EXERCISE: Give back every record exactly as written.

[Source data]

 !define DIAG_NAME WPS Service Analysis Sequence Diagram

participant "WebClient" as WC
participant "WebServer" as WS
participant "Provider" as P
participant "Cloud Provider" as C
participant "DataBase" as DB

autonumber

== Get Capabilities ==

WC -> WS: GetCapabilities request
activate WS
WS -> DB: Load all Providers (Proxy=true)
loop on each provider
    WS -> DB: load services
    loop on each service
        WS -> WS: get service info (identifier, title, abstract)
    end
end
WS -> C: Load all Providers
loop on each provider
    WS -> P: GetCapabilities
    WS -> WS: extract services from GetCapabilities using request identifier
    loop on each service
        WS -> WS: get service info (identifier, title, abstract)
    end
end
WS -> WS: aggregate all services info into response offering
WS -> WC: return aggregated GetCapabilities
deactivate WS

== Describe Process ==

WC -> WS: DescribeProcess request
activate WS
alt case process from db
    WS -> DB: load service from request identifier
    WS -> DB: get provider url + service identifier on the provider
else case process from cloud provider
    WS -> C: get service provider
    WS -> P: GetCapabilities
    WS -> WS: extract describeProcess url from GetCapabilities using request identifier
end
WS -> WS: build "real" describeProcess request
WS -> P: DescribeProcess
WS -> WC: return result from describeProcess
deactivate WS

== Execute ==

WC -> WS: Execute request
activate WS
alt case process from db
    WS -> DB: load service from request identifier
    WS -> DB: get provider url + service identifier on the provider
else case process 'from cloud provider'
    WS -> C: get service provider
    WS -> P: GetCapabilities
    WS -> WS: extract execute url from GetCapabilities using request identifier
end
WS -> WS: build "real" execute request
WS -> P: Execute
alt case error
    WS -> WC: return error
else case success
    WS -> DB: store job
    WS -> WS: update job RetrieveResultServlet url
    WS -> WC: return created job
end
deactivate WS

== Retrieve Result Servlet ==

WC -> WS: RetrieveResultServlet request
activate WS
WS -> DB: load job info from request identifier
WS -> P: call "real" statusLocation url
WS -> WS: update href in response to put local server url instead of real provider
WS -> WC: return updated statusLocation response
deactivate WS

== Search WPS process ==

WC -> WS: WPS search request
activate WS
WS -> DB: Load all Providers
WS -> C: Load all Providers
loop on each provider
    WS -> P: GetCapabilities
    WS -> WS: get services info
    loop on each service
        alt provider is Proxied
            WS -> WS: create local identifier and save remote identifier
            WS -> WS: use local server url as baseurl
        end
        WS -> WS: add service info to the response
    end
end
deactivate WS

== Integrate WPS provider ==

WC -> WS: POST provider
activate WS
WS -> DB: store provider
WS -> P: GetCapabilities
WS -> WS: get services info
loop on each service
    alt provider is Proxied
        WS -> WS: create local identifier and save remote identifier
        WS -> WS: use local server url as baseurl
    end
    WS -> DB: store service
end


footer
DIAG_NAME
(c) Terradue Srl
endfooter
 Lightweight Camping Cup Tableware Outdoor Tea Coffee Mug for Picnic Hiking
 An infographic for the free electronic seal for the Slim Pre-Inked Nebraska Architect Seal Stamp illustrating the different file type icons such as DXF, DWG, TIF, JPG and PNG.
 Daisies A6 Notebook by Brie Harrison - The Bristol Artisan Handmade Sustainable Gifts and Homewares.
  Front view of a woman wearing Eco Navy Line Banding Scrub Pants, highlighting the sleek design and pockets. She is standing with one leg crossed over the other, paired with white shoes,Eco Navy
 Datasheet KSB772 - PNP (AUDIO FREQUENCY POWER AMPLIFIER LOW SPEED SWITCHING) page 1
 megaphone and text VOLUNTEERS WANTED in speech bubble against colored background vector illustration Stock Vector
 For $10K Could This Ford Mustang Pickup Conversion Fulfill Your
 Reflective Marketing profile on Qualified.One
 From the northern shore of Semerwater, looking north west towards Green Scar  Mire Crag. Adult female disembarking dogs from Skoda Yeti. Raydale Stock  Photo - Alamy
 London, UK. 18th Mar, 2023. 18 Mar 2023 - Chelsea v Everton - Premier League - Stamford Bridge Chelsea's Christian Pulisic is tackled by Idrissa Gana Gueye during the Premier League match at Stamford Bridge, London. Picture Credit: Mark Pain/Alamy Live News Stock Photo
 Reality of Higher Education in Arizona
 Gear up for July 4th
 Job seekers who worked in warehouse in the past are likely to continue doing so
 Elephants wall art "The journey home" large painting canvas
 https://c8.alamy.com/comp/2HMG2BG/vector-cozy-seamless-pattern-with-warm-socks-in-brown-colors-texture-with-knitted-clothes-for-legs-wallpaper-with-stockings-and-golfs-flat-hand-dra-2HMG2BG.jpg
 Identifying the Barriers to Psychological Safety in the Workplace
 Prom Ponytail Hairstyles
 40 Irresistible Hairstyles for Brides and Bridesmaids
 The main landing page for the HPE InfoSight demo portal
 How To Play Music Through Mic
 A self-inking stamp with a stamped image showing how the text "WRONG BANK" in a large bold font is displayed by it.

RESPONSE AREA:
 !define DIAG_NAME WPS Service Analysis Sequence Diagram

participant "WebClient" as WC
participant "WebServer" as WS
participant "Provider" as P
participant "Cloud Provider" as C
participant "DataBase" as DB

autonumber

== Get Capabilities ==

WC -> WS: GetCapabilities request
activate WS
WS -> DB: Load all Providers (Proxy=true)
loop on each provider
    WS -> DB: load services
    loop on each service
        WS -> WS: get service info (identifier, title, abstract)
    end
end
WS -> C: Load all Providers
loop on each provider
    WS -> P: GetCapabilities
    WS -> WS: extract services from GetCapabilities using request identifier
    loop on each service
        WS -> WS: get service info (identifier, title, abstract)
    end
end
WS -> WS: aggregate all services info into response offering
WS -> WC: return aggregated GetCapabilities
deactivate WS

== Describe Process ==

WC -> WS: DescribeProcess request
activate WS
alt case process from db
    WS -> DB: load service from request identifier
    WS -> DB: get provider url + service identifier on the provider
else case process from cloud provider
    WS -> C: get service provider
    WS -> P: GetCapabilities
    WS -> WS: extract describeProcess url from GetCapabilities using request identifier
end
WS -> WS: build "real" describeProcess request
WS -> P: DescribeProcess
WS -> WC: return result from describeProcess
deactivate WS

== Execute ==

WC -> WS: Execute request
activate WS
alt case process from db
    WS -> DB: load service from request identifier
    WS -> DB: get provider url + service identifier on the provider
else case process 'from cloud provider'
    WS -> C: get service provider
    WS -> P: GetCapabilities
    WS -> WS: extract execute url from GetCapabilities using request identifier
end
WS -> WS: build "real" execute request
WS -> P: Execute
alt case error
    WS -> WC: return error
else case success
    WS -> DB: store job
    WS -> WS: update job RetrieveResultServlet url
    WS -> WC: return created job
end
deactivate WS

== Retrieve Result Servlet ==

WC -> WS: RetrieveResultServlet request
activate WS
WS -> DB: load job info from request identifier
WS -> P: call "real" statusLocation url
WS -> WS: update href in response to put local server url instead of real provider
WS -> WC: return updated statusLocation response
deactivate WS

== Search WPS process ==

WC -> WS: WPS search request
activate WS
WS -> DB: Load all Providers
WS -> C: Load all Providers
loop on each provider
    WS -> P: GetCapabilities
    WS -> WS: get services info
    loop on each service
        alt provider is Proxied
            WS -> WS: create local identifier and save remote identifier
            WS -> WS: use local server url as baseurl
        end
        WS -> WS: add service info to the response
    end
end
deactivate WS

== Integrate WPS provider ==

WC -> WS: POST provider
activate WS
WS -> DB: store provider
WS -> P: GetCapabilities
WS -> WS: get services info
loop on each service
    alt provider is Proxied
        WS -> WS: create local identifier and save remote identifier
        WS -> WS: use local server url as baseurl
    end
    WS -> DB: store service
end


footer
DIAG_NAME
(c) Terradue Srl
endfooter
 Lightweight Camping Cup Tableware Outdoor Tea Coffee Mug for Picnic Hiking
 An infographic for the free electronic seal for the Slim Pre-Inked Nebraska Architect Seal Stamp illustrating the different file type icons such as DXF, DWG, TIF, JPG and PNG.
 Daisies A6 Notebook by Brie Harrison - The Bristol Artisan Handmade Sustainable Gifts and Homewares.
  Front view of a woman wearing Eco Navy Line Banding Scrub Pants, highlighting the sleek design and pockets. She is standing with one leg crossed over the other, paired with white shoes,Eco Navy
 Datasheet KSB772 - PNP (AUDIO FREQUENCY POWER AMPLIFIER LOW SPEED SWITCHING) page 1
 megaphone and text VOLUNTEERS WANTED in speech bubble against colored background vector illustration Stock Vector
 For $10K Could This Ford Mustang Pickup Conversion Fulfill Your
 Reflective Marketing profile on Qualified.One
 From the northern shore of Semerwater, looking north west towards Green Scar  Mire Crag. Adult female disembarking dogs from Skoda Yeti. Raydale Stock  Photo - Alamy
 London, UK. 18th Mar, 2023. 18 Mar 2023 - Chelsea v Everton - Premier League - Stamford Bridge Chelsea's Christian Pulisic is tackled by Idrissa Gana Gueye during the Premier League match at Stamford Bridge, London. Picture Credit: Mark Pain/Alamy Live News Stock Photo
 Reality of Higher Education in Arizona
 Gear up for July 4th
 Job seekers who worked in warehouse in the past are likely to continue doing so
 Elephants wall art "The journey home" large painting canvas
 https://c8.alamy.com/comp/2HMG2BG/vector-cozy-seamless-pattern-with-warm-socks-in-brown-colors-texture-with-knitted-clothes-for-legs-wallpaper-with-stockings-and-golfs-flat-hand-dra-2HMG2BG.jpg
 Identifying the Barriers to Psychological Safety in the Workplace
 Prom Ponytail Hairstyles
 40 Irresistible Hairstyles for Brides and Bridesmaids
 The main landing page for the HPE InfoSight demo portal
 How To Play Music Through Mic
 A self-inking stamp with a stamped image showing how the text "WRONG BANK" in a large bold font is displayed by it.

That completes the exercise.